Upon changing to daily publication schedule on April 1, 1976, Texas Monthly noted: "No paper has attempted to go daily in a major Texas city in more than 50 years". The Dallas Morning News considered buying the Citizen in 1979. After trying to stay afloat by raising its price to 25 cents and printing in a smaller tabloid format, it folded in October 1981. At that time, the Citizen was an afternoon publication issued five days a week with a circulation of about 14,500 and 80 employees; it was led by Thomas Reay as general manager and executive editor with John F. Warren as publisher.

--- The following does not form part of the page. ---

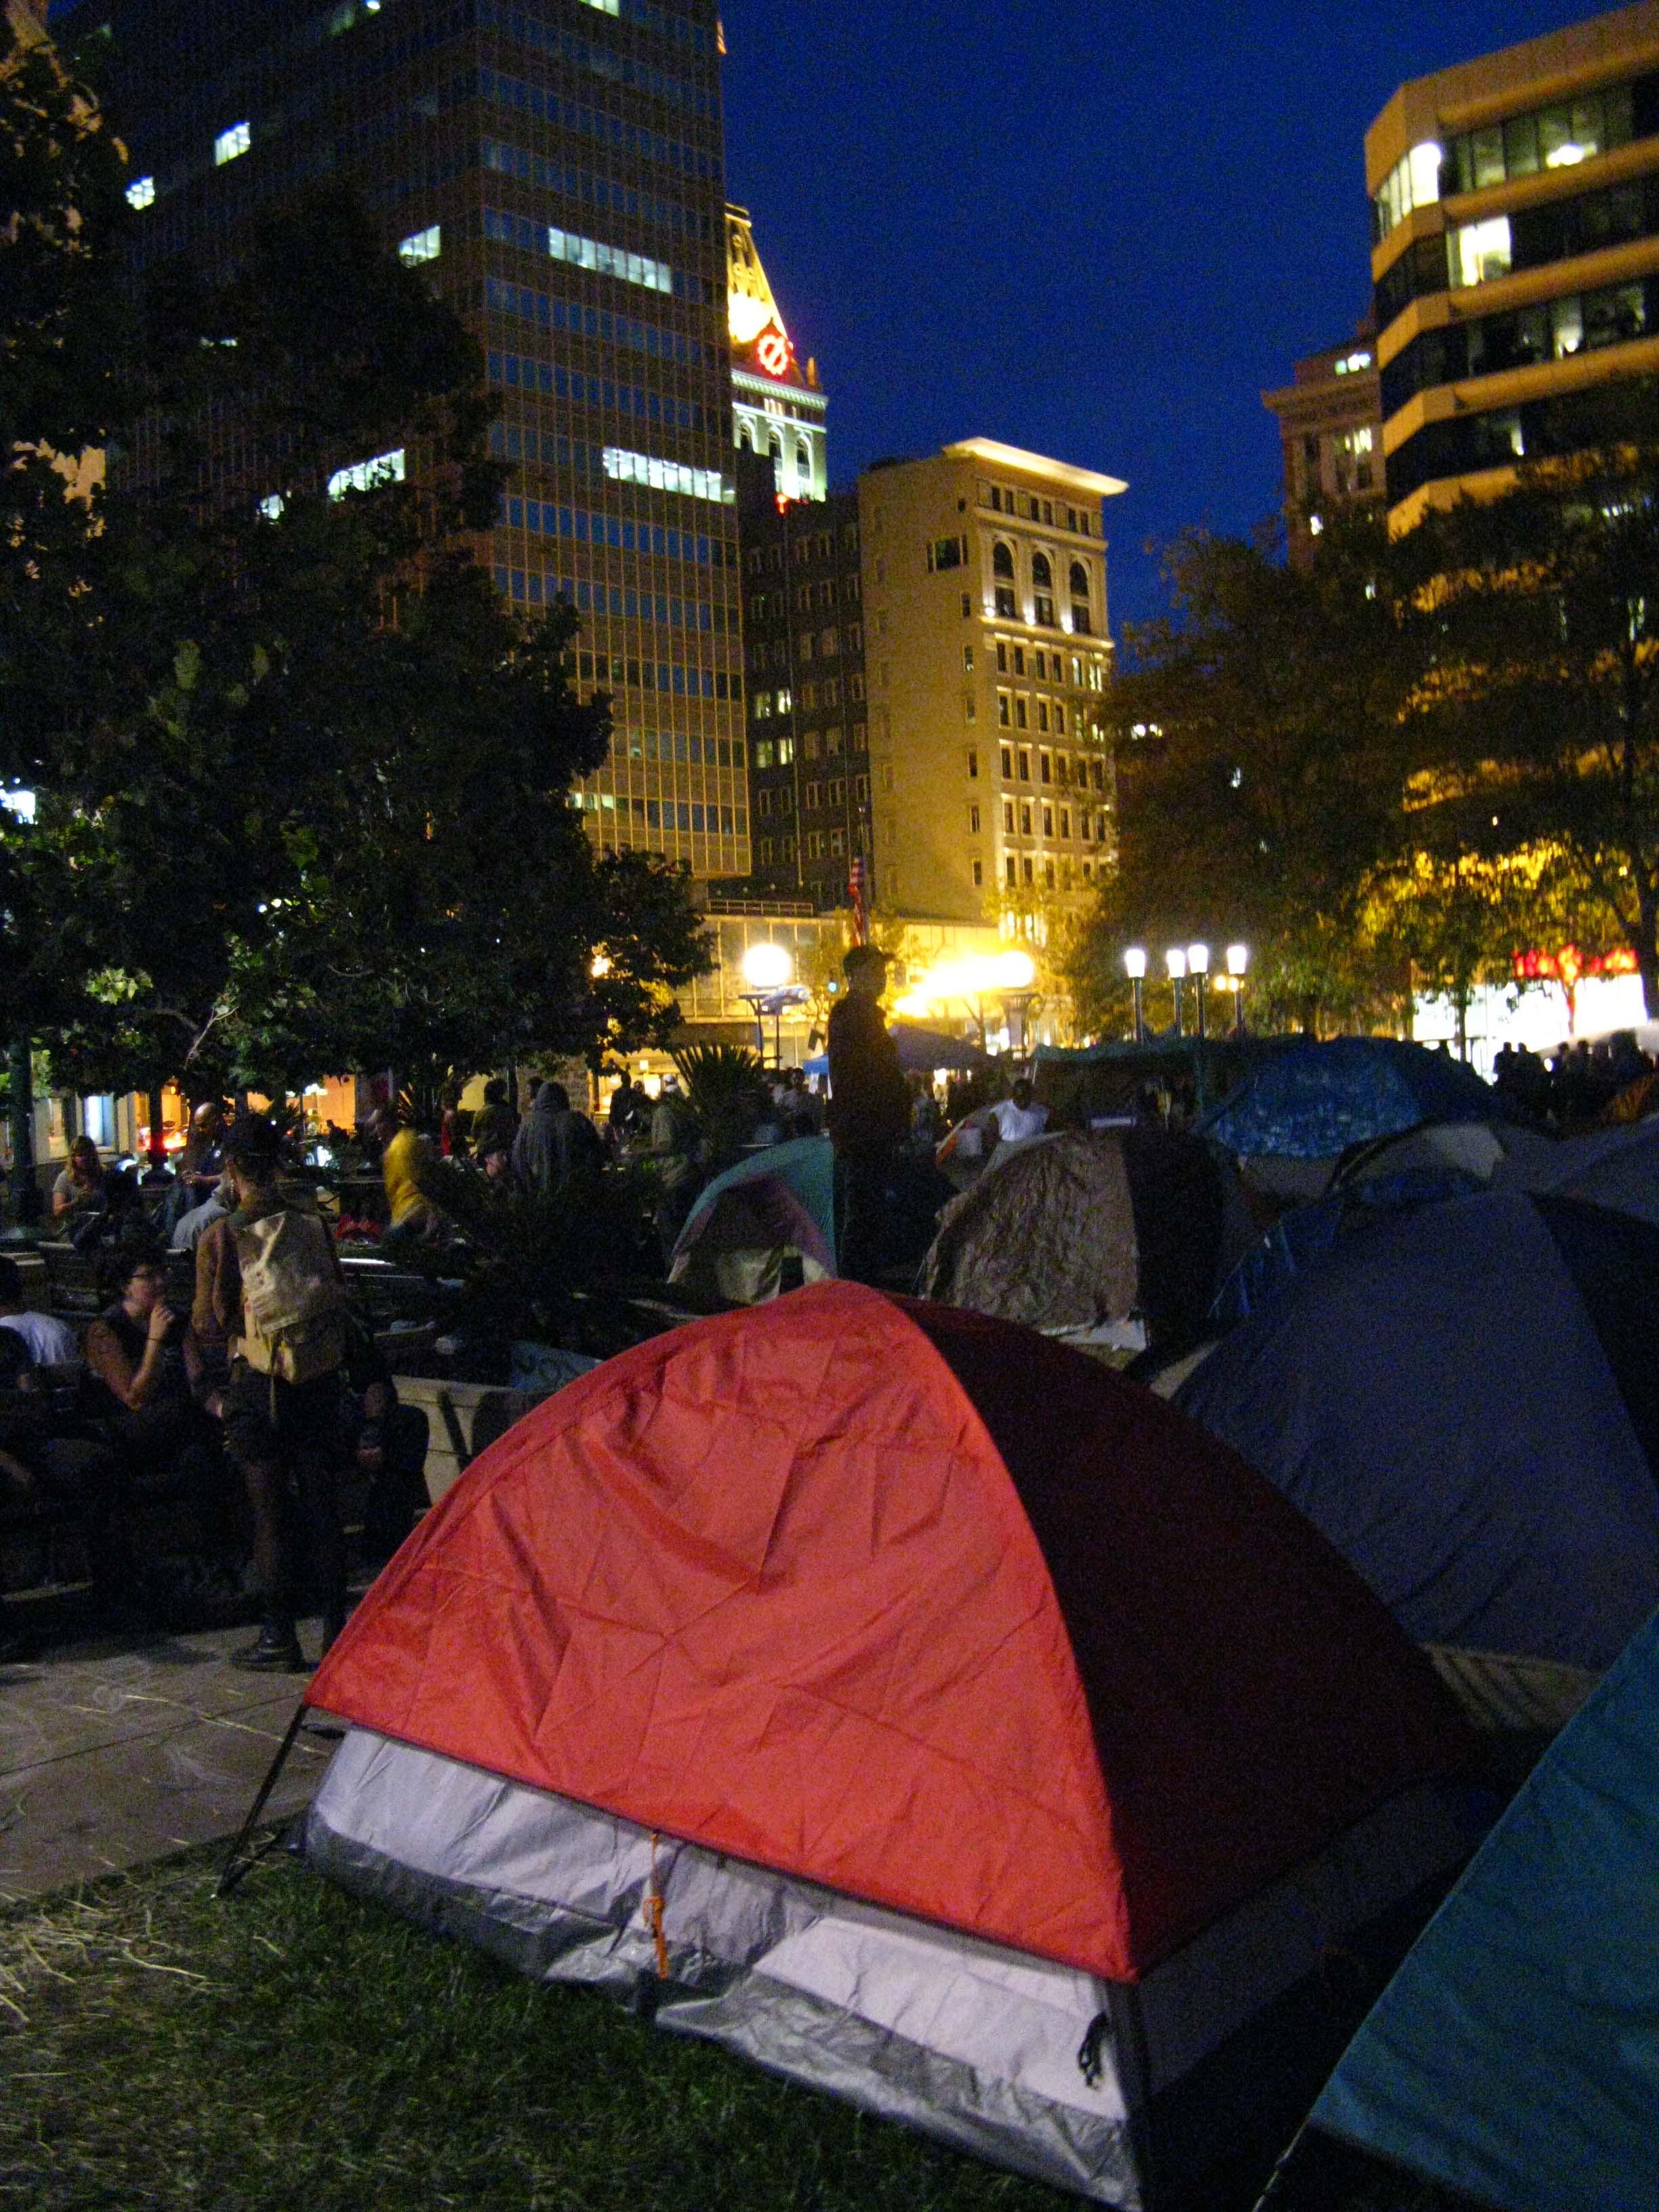 occupy oakland by night.jpg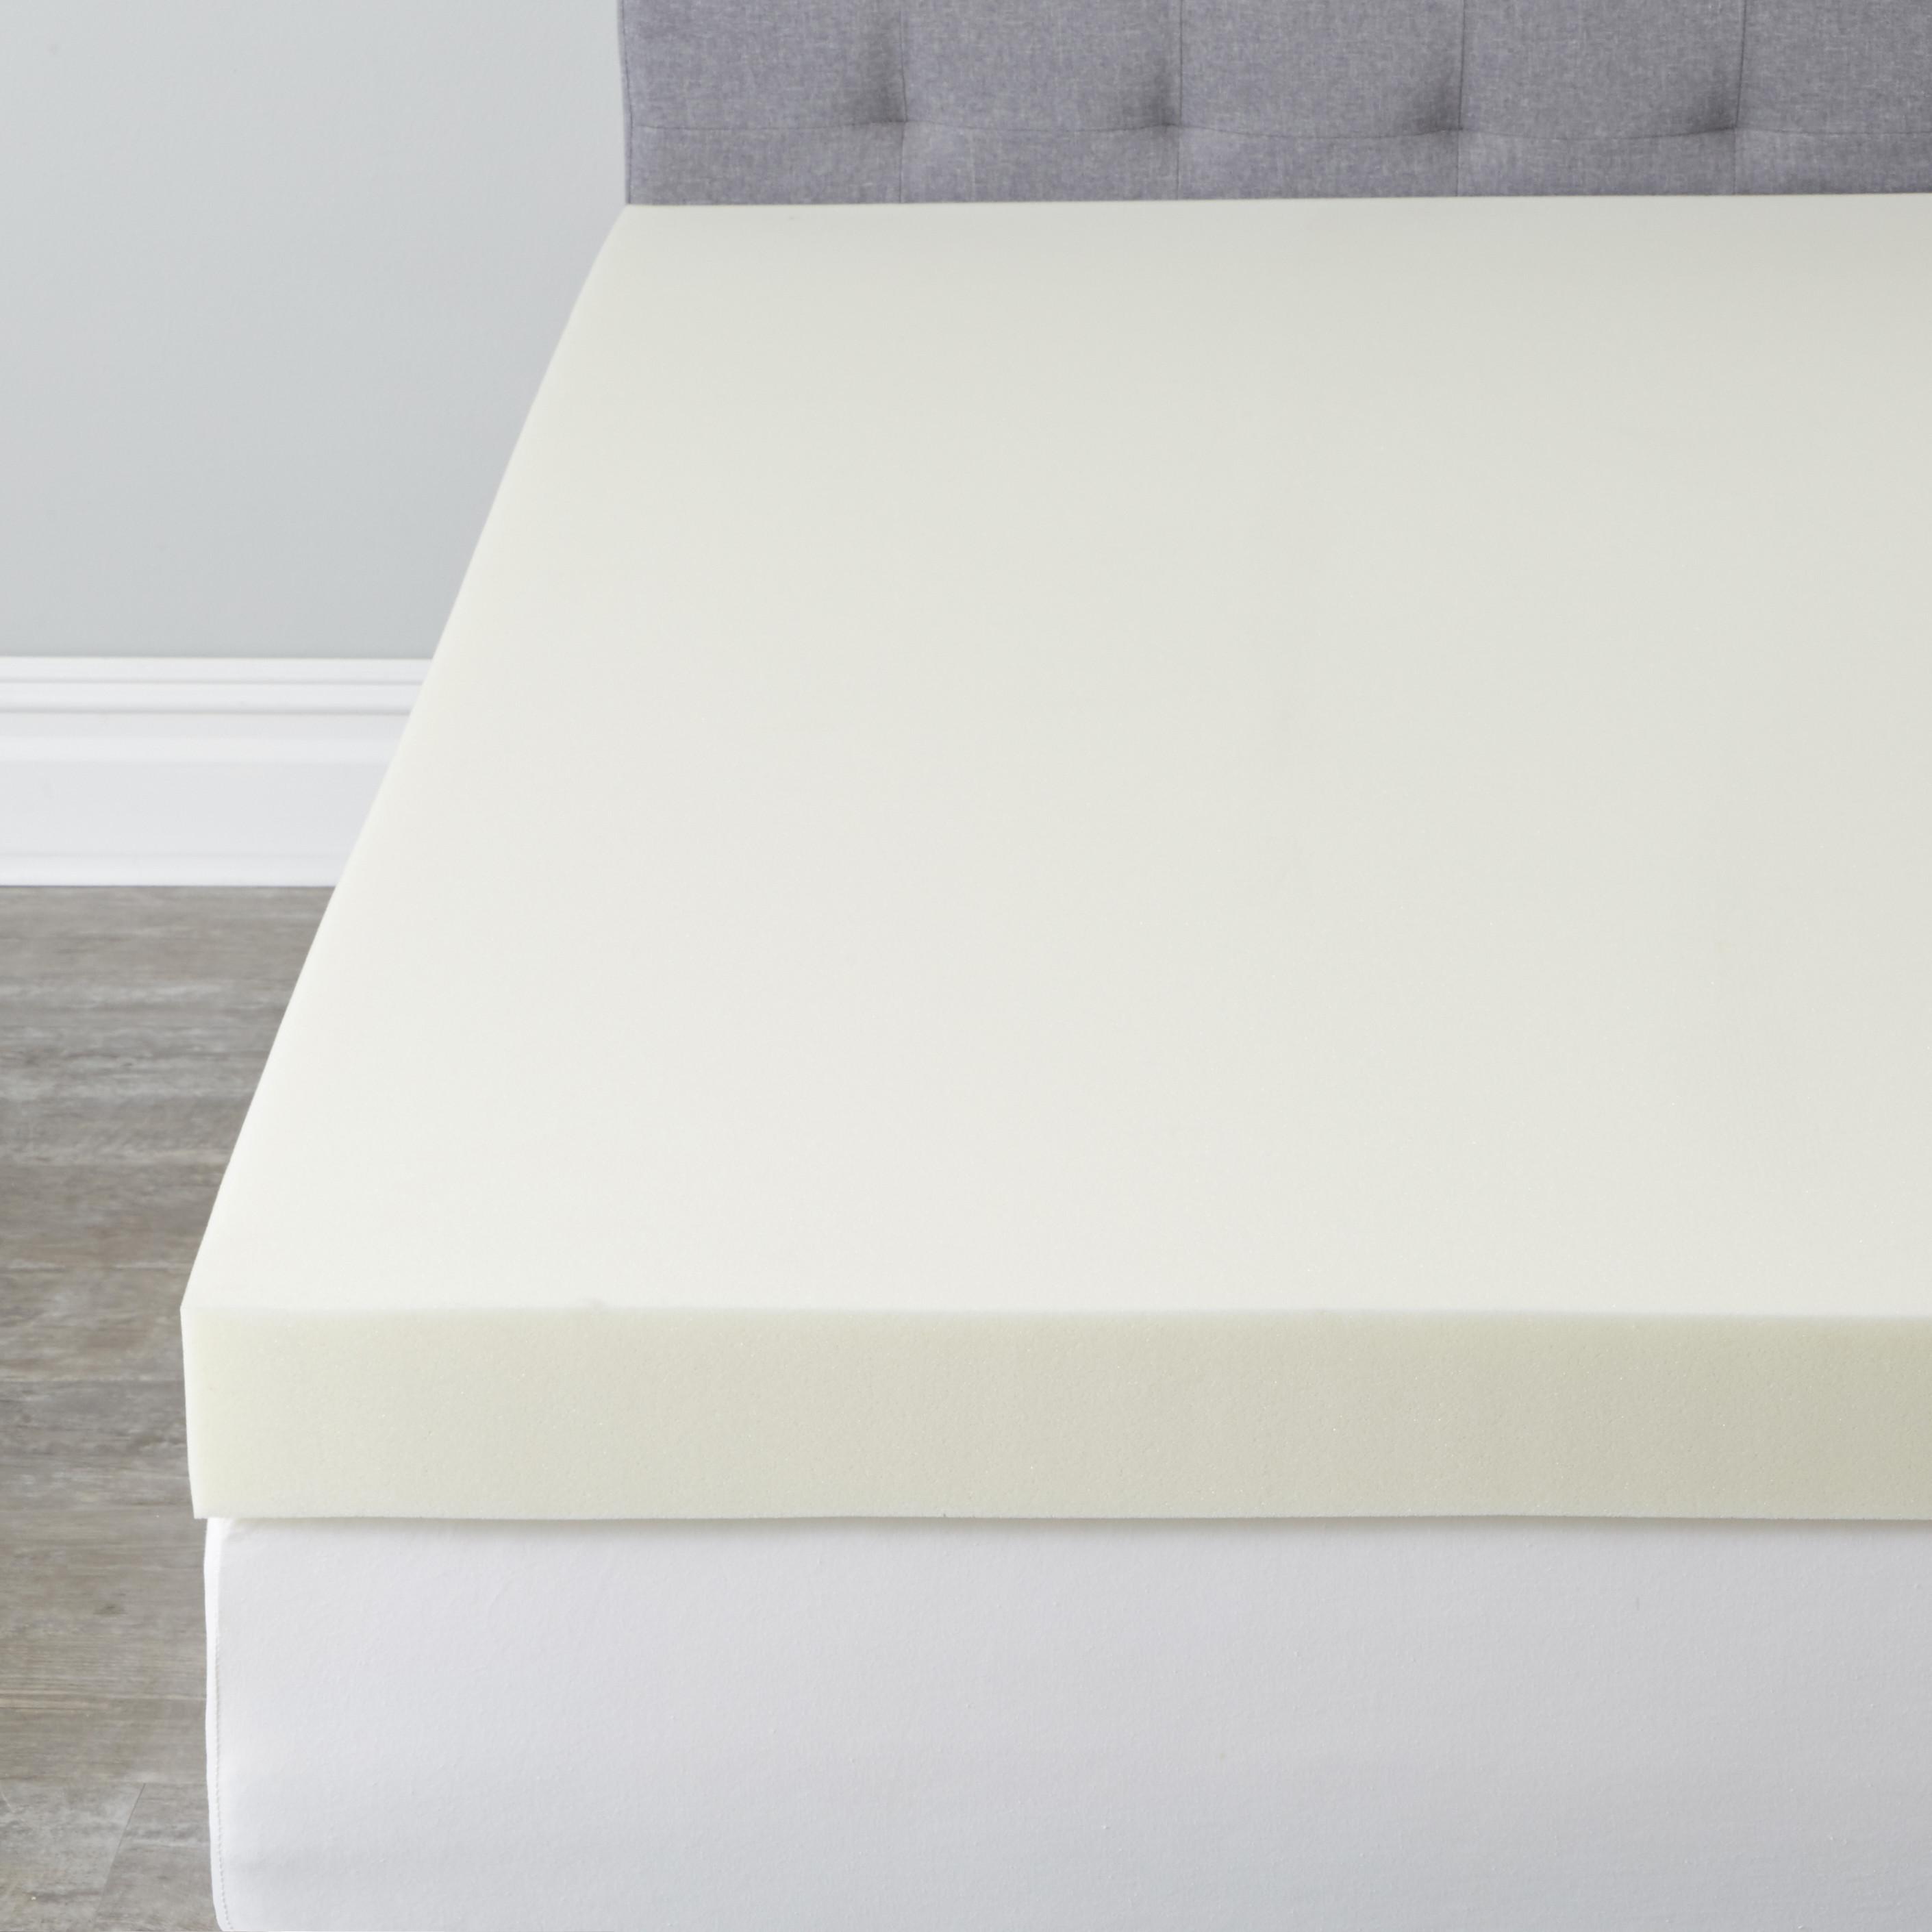 4 Thick Visco Elastic Memory Foam Mattress Topper Plus Size

==Features and contributors==
During its weekly days, the Citizen featured a front-page column by Wray Weddell, called an "industry-boosting editor" by the progressive Texas Observer. Michael Eakin of the counterculture Austin Sun newspaper opined in 1974 that Weddell had "completely polarized" the issue of economic growth in Austin, saying: "He has people thinking in terms of growth or no growth ... There are alternatives and we want people to be aware of them." Further reflecting on the two newspapers publishing in the city at that time, Eakin noted that "you do not have a paper which deals with primarily local issues read by a really broad-based group of people."

According to a 1978 Texas Monthly article, however, the Citizen boasted strong municipal government coverage, with a local public affairs consultant saying the paper "blows the Statesman away on city reporting", including besting the larger, establishment daily on sewage dumping into the Colorado River, city staffing problems, and misuse of public funds.

Other Citizen staff included arts and entertainment writer John Bustin, lifestyles writer Carolyn Bengston, photographer Robert Godwin, and editorial cartoonist Roger "Rabbi" Moore.